Итак, произошла пертурбация, окончания которой мы не можем дожидаться.

Необходимо отыскать способ выбраться из ловушки. Слова не менее губительны, чем пламя, только они воздействуют не на тело, а на дух.

– Чушь! – Джон-Том схватил дуару и натянул на уши шапку. – Сейчас я им покажу! Мы с Маджем выбирались из стольких переделок, справлялись и с джиннами, и с морскими чудовищами, со злыми колдунами и прочими неприятностями, так что оскорбления нас не остановят. – Он перекинул дуару на грудь, ударил пальцами по струнам и запел.
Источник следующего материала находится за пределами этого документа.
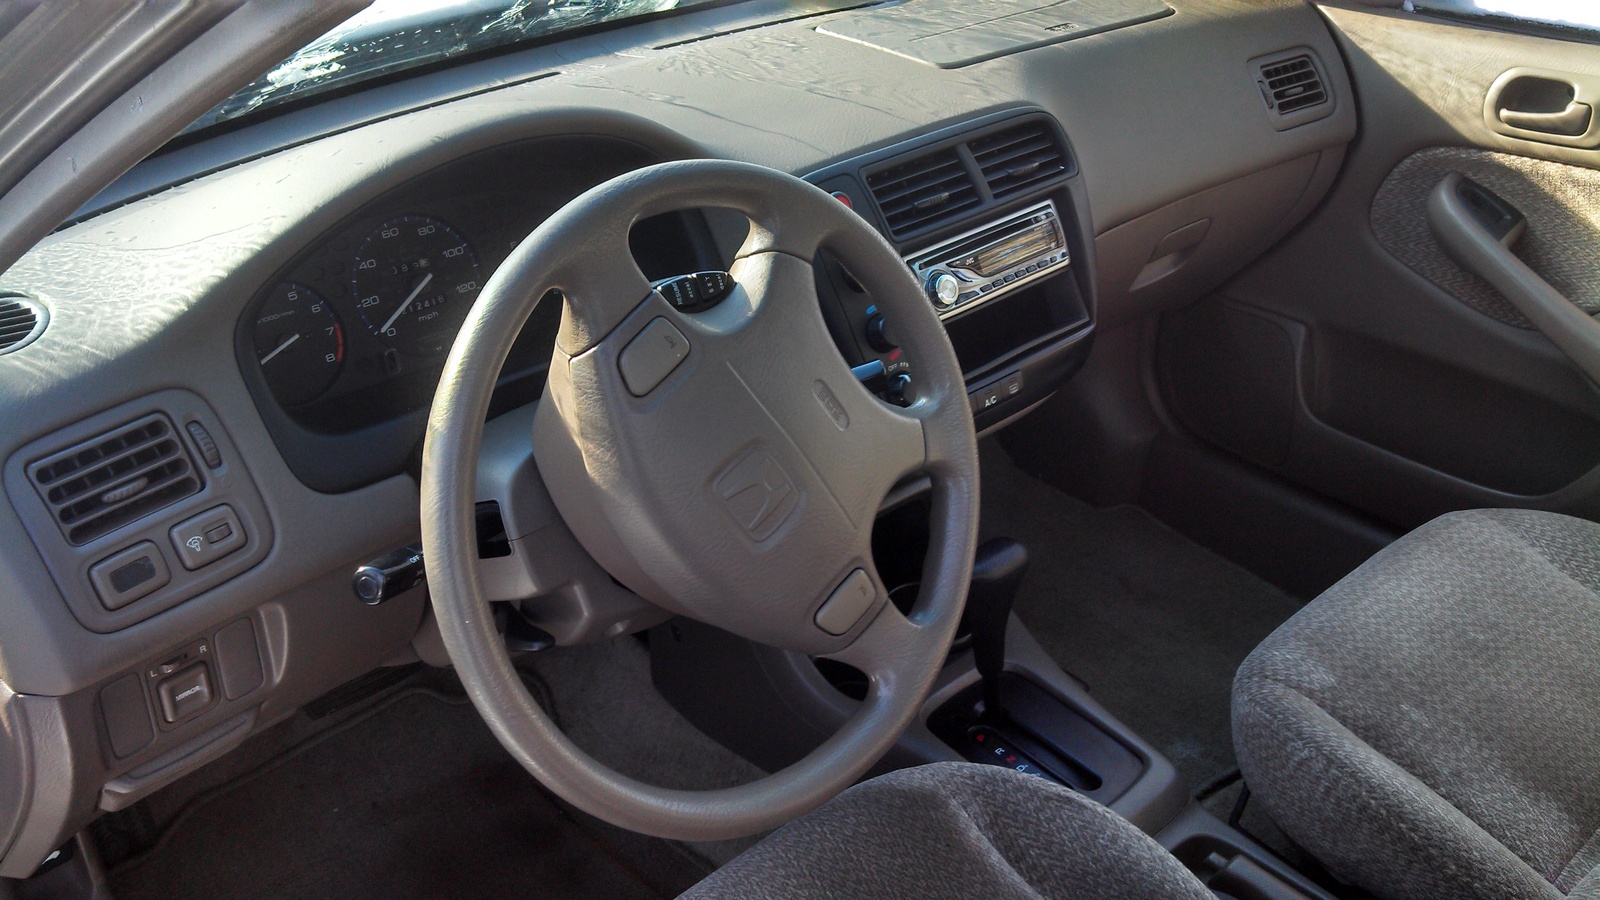 2000 Honda civic lx interior #6

– Гляди: чаропевец, – сообщил один голос другому. – Интересно, на какой помойке его раскопали?

– Коты и то лучше поют.

Джон-Том невольно попятился.

– Послушайте, как заливается, – вмешался третий голос. – Пой, пой, соловушка ты наш.

У Джон-Тома задрожали руки. Он начал сбиваться с ритма.

– Бедняжка! Уже устал. Отдохни, мы потерпим.

Джон-Том вынужден был опуститься на колени. Слова песни, которую он пытался спеть, застряли у него в горле.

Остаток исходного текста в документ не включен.